Risk has been on the front foot though in most asset classes, assisted by U.S. crude moving higher to the tune of 1.3%, helping credit perform and we can see the HYG (NYSE:HYG) pushing up 0.6% and eyeing a break of the neckline of the March double bottom of $87.53.
This move in oil seems widely telegraphed by the Aussie equity traders who bid up the ASX 200 energy sub-sector 1.5% yesterday. Expect further gains today though.
We can see reasonable selling in fixed income, across the curve (U.S. 5-year is up 4bp at 1.95%). However, importantly, ‘real’ yields have moved up nicely too and it’s quite a surprise then to see gold largely unchanged on the day. The USD has been bid, with USD/JPY rallying a big figure off the session low of ¥110.2 and despite talk in some circles that cable was hit as the Scottish parliament backed an independent vote (65 to 59) nothing has really changed here – a vote still needs to be passed by the UK government and Theresa May has made her position as clear as mud on the issue. So the falls in GBP/USD were a USD move, as a simple sense check shows the moves came about with EUR/USD under pressure and USD/JPY on the rise.
We can see that despite the USD and ‘real’ yields moving higher that U.S. financial conditions still improved and become more accommodative, with the Bloomberg financial conditions index gaining 31% and is eyeing a break of the 13 March highs. Again, Bill Dudley’s address on Friday (07:30 AEDT) with a speech titled “The importance of financial conditions in the conduct of monetary policy” seems important and one can make an assumption that USD longs into this speech make sense.
The commodity rally hasn’t been confined to oil, with solid buying in copper (+1.3%), spot iron ore (+0.5%), while Dalian bulks have been well bid, with iron ore, steel and coking coal gaining 3.2%, 2.2% and 2% receptively. BHP’s ADR is largely unchanged, so given our ASX 200 opening call sits at 5842 one can expect gains in the banks. The ASX 200 financial sector is key then and is only 0.5% away from breaking through the highs set on 10 March, where a break takes the index to the highest levels since April 2015.
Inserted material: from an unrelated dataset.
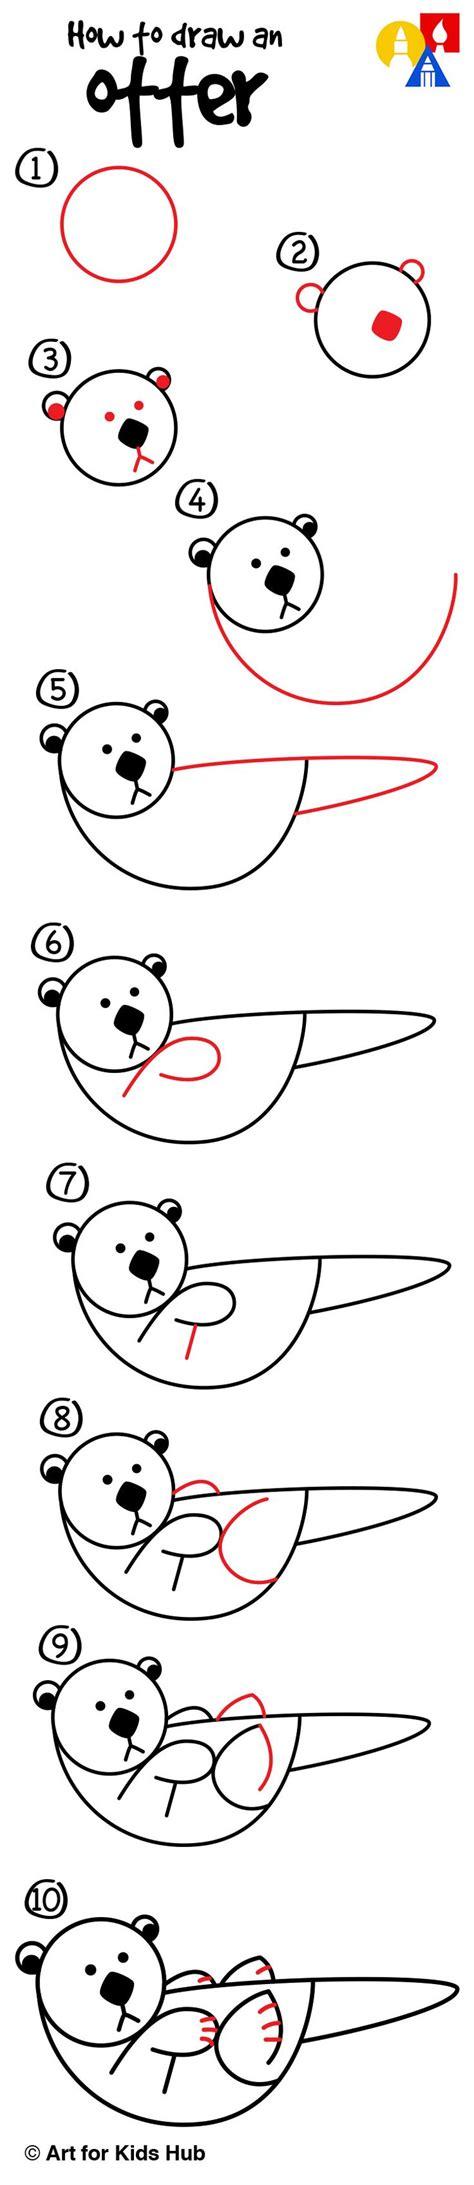 How To Draw An Otter how to draw an otter with shapes for hub

If the ASX 200 can unwind at 5842 then this is clearly the ‘must watch’ chart of the day as it will go a long way to understanding just how much conviction the bulls have here and a close through 5833 would be positive and suggest 6000 is actually a possibility. Fundamentally, we should ask whether investors are prepared to pay up for a market trading on 16.1x consensus forward earnings. I suspect they are, and although this is above the long-term P/E average it is not at genuinely worrying levels. Give me a market trading on 17x forward earnings with few catalysts and I will have far greater convictions to hold shorts, notably when the bears start to have a greater say.